Work request: Any images in the material are to be dropped while every line is retyped exactly.

[[ Data shown open ]]

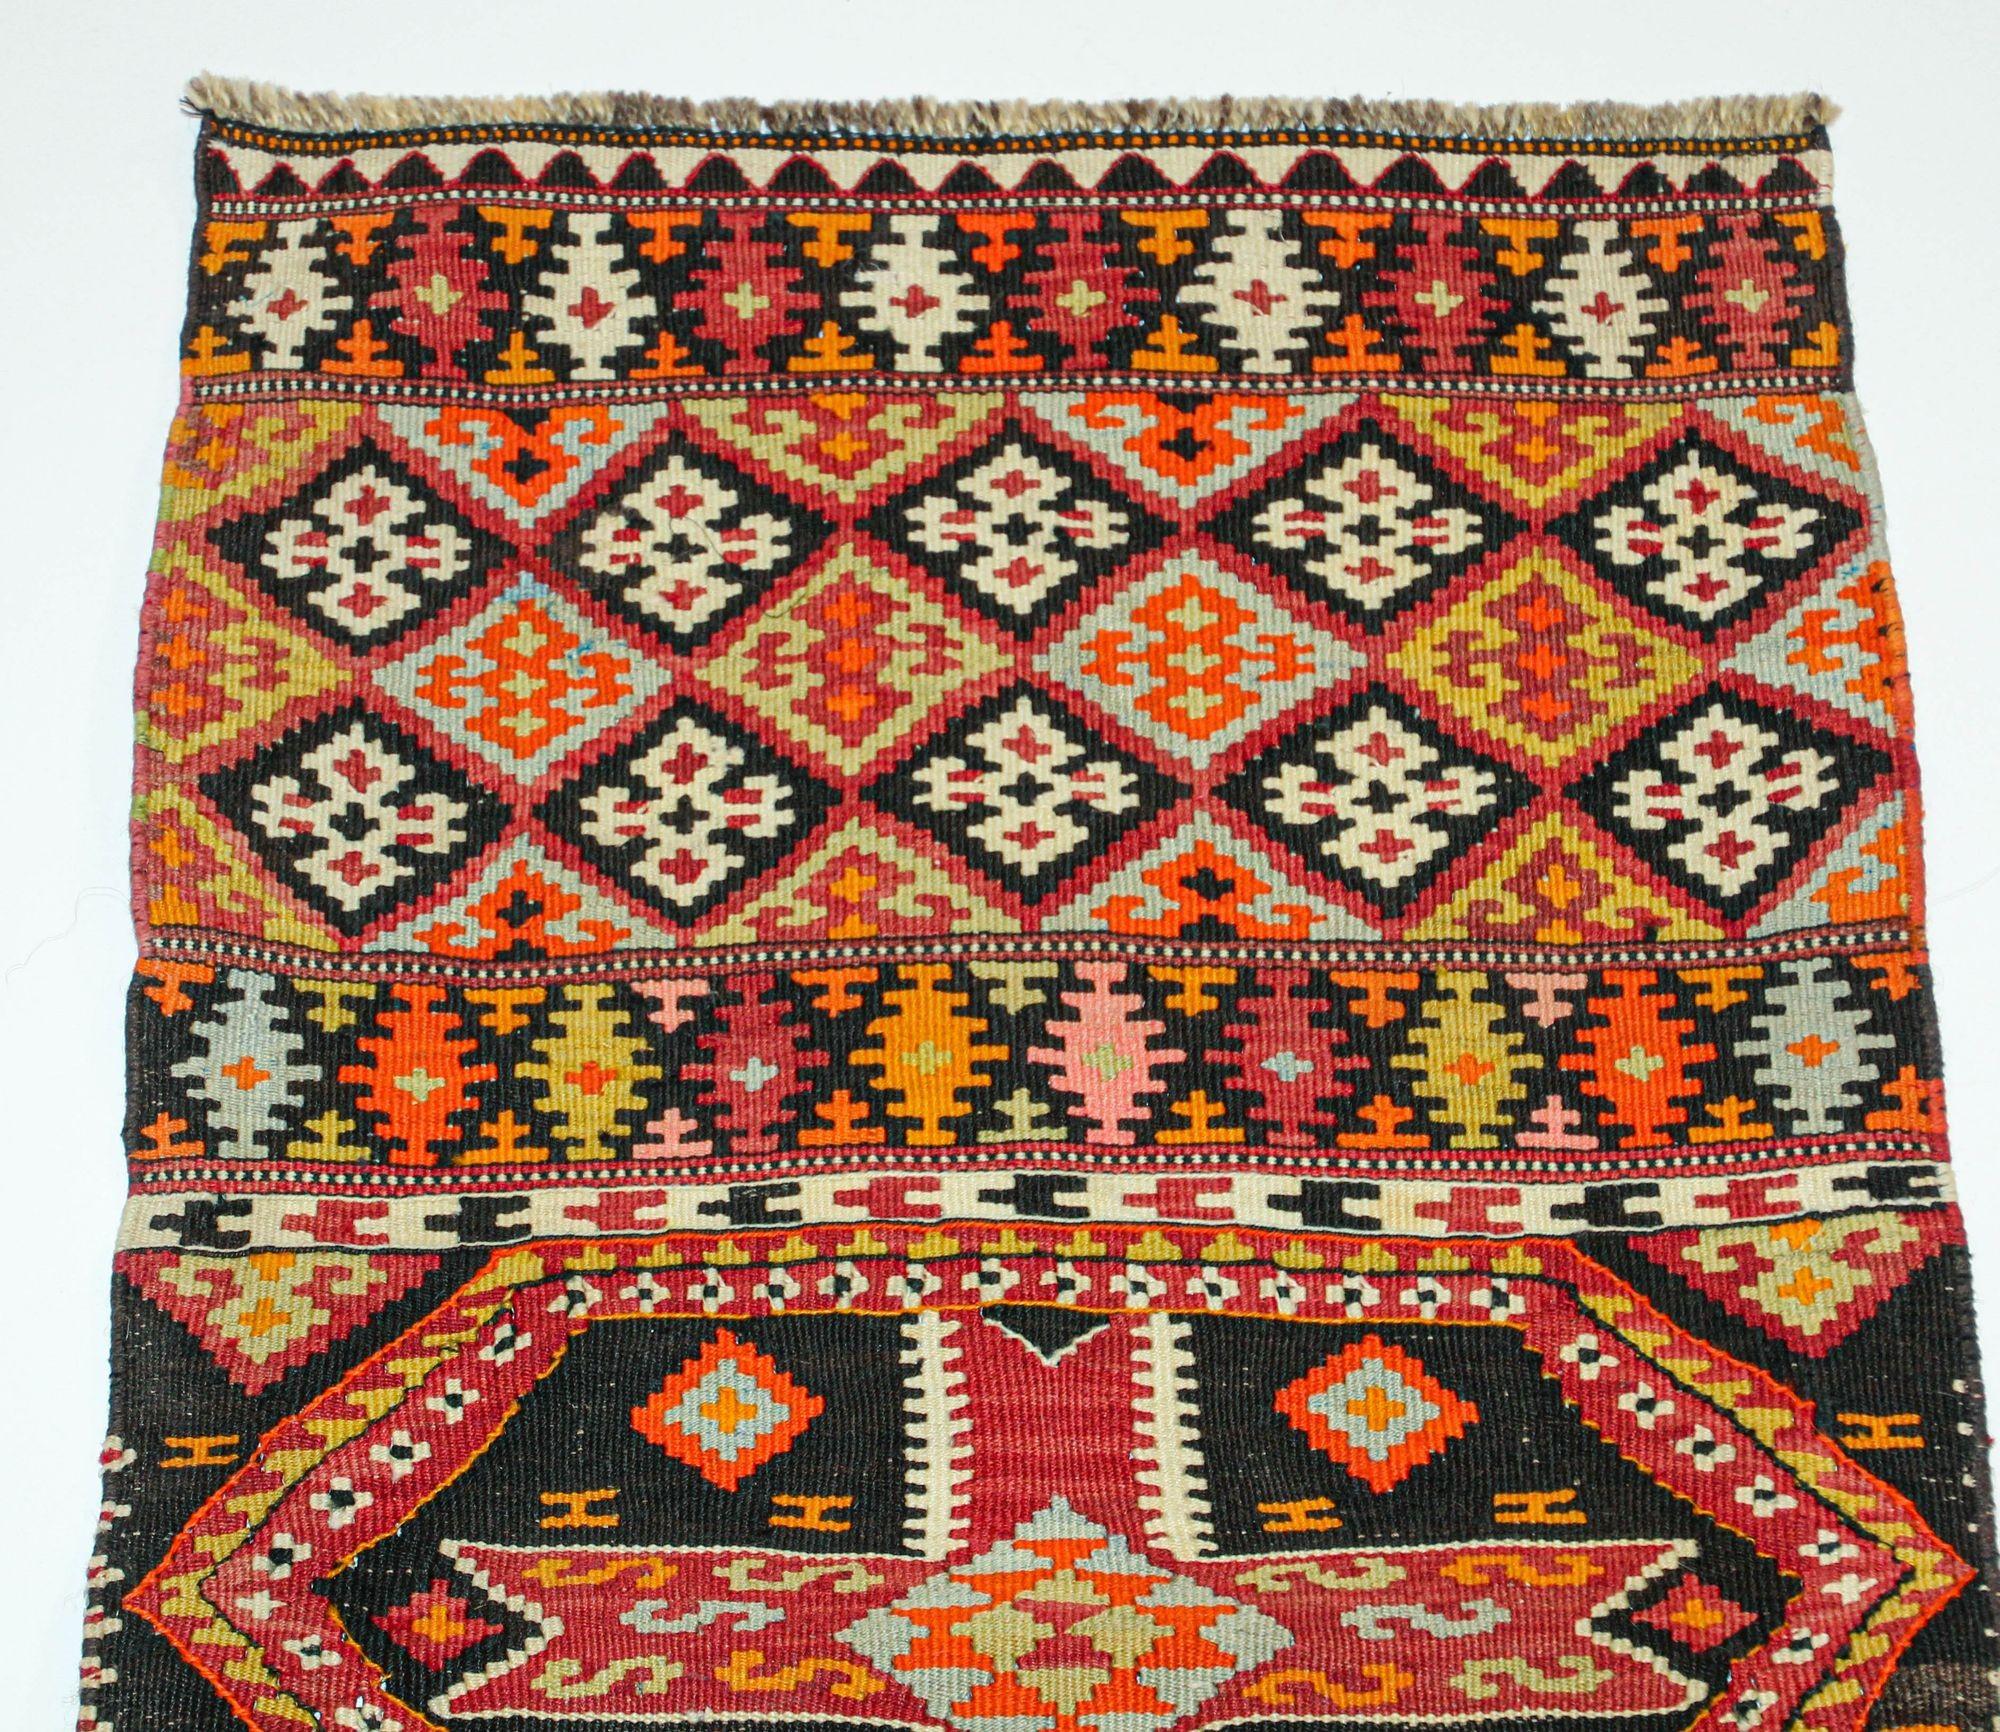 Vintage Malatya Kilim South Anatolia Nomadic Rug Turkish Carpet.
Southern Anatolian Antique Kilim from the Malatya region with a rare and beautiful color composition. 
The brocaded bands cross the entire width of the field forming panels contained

[[ Data shown closed ]]

Result of this task:
 Vintage Malatya Kilim South Anatolia Nomadic Rug Turkish Carpet.
Southern Anatolian Antique Kilim from the Malatya region with a rare and beautiful color composition. 
The brocaded bands cross the entire width of the field forming panels contained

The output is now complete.